Presentation for the product of two cyclic groups

Suppose $a_1, a_2 \in A$ and $b_1, b_2 \in B$

The only way you can have $(a_1 b_1)(a_2 b_2) = (a_1 a_2)(b_1 b_2)$ is if $b_1 a_2 = a_2 b_1$

The book is really stating that $A$ and $B$ are subsets of a larger group, say $G$ (this is the only way "the produc $a^ub^v$" can make sense) and that the mapping $A \times B \to AB$ defined by $(x,y) \to xy$ is an isomorphism. But then

$(a,b)(c,d) = (ac, bd)$ get sent into (ab)(cd) = (ac)(bd)$. Etcetera.

The final relation always holds in any direct product, of any two groups:

Let $G$ be the direct product of $A$ and $B$. Then for all $a\in A$, $b\in B$ we have $ab=ba$.

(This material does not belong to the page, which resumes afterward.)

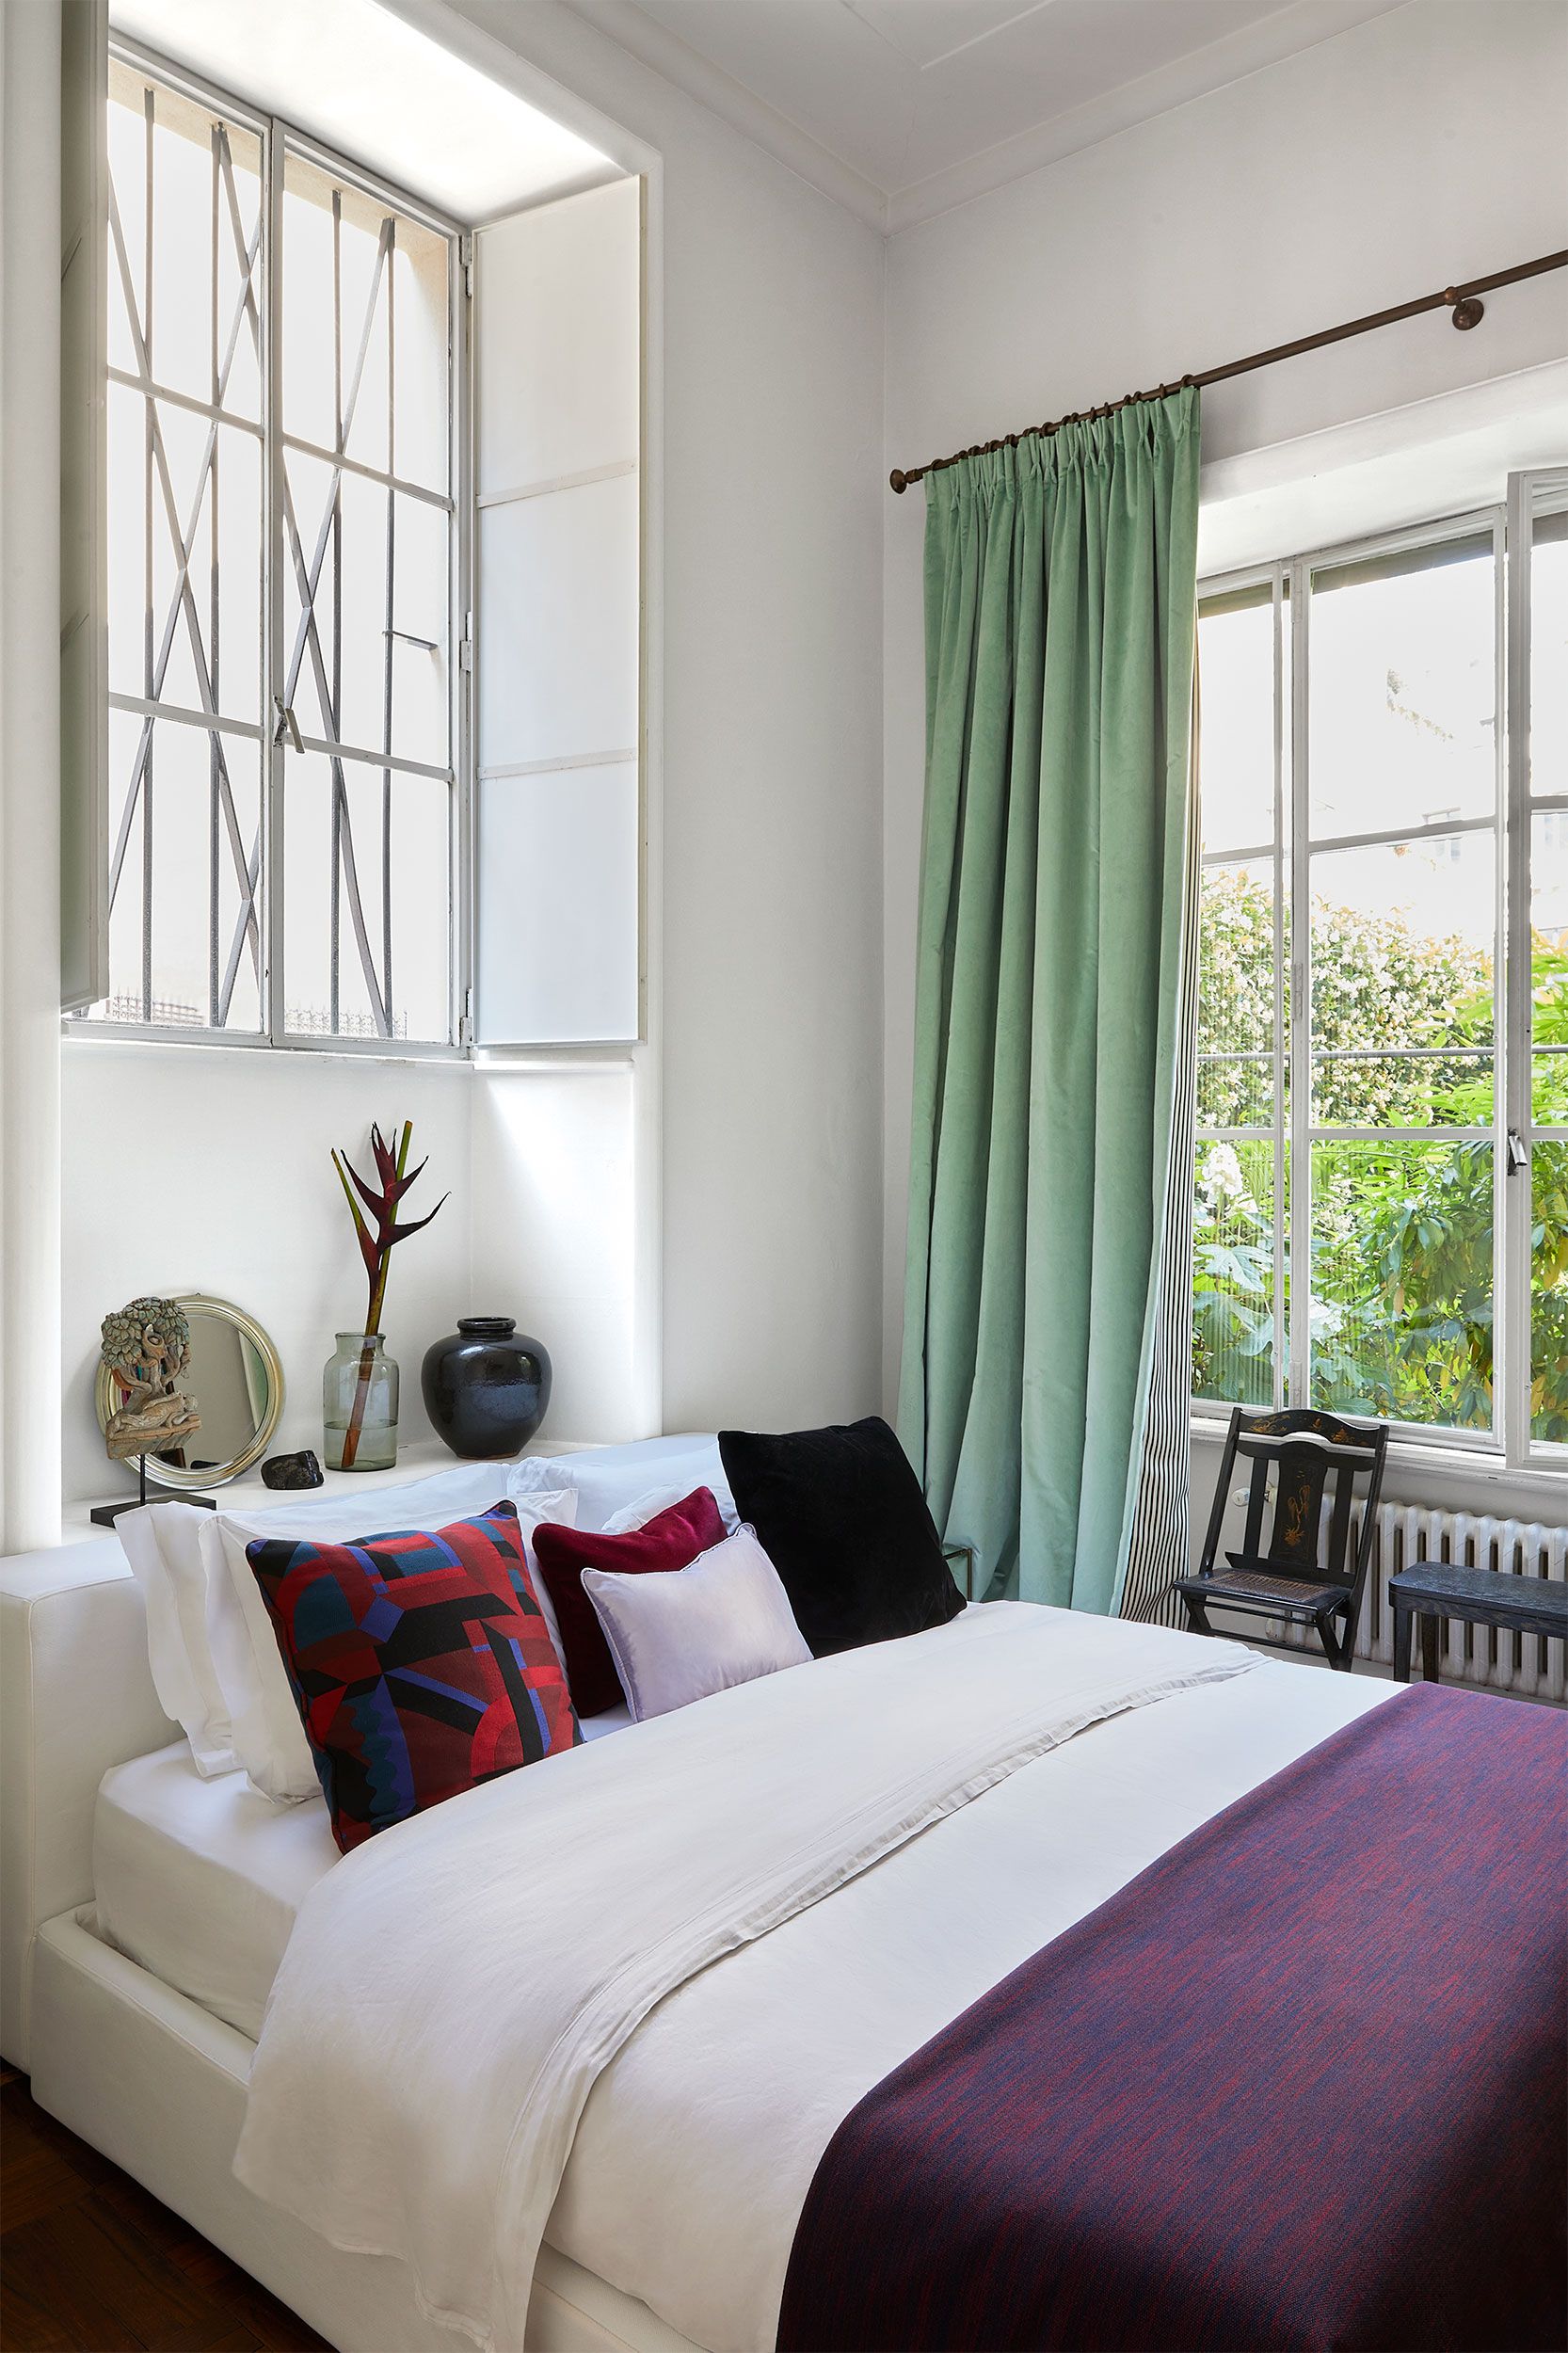 5 Ideas for Using Airy Linen Draperies in Your Home

The fact that the two groups are cyclic is irrelevant. Remember that there are two ways of viewing direct products, internally and externally. Let's show this relation holds for both views.

Firstly, externally: Let $G=A\times B$, where $A$ and $B$ are arbitrary groups. Then for all $a\in A$, $b\in B$ we have $$(a, 1_B)(1_A, b)=(a,b)=(1_A, b)(a, 1_B)$$so the elements of the groups pairwise commute.

In terms of the internal direct product: let $G=AB$ with $A, B\lhd G$ and $A\cap B=\{1\}$, where $A$ and $B$ are arbitrary groups. Then for all $a\in A$, $b\in B$ we have that $a^{-1}b^{-1}ab=a^{-1}a_1$ for some $a_1\in A$, by normality of $A$. Similarly, $a^{-1}b^{-1}ab=b_1b$ for some $b_1\in B$. Therefore, $a^{-1}b^{-1}ab\in A\cap B$, and so $a^{-1}b^{-1}ab=1$. Hence, $ab=ba$ as required.

As the question specifically mentions presentations: this means that if $A$ has presentation $\langle \mathbf{x}\mid\mathbf{r}\rangle$ and $B$ has presentation $\langle \mathbf{y}\mid\mathbf{s}\rangle$ then the direct product $A\times B$ has presentation $$\langle \mathbf{x, y}\mid\mathbf{r, s}, xy=yx\:\forall x\in\mathbf{x}, y\in\mathbf{y}\rangle$$(we only need to stipulate that the generators commute; that the rest of the elements commute follows).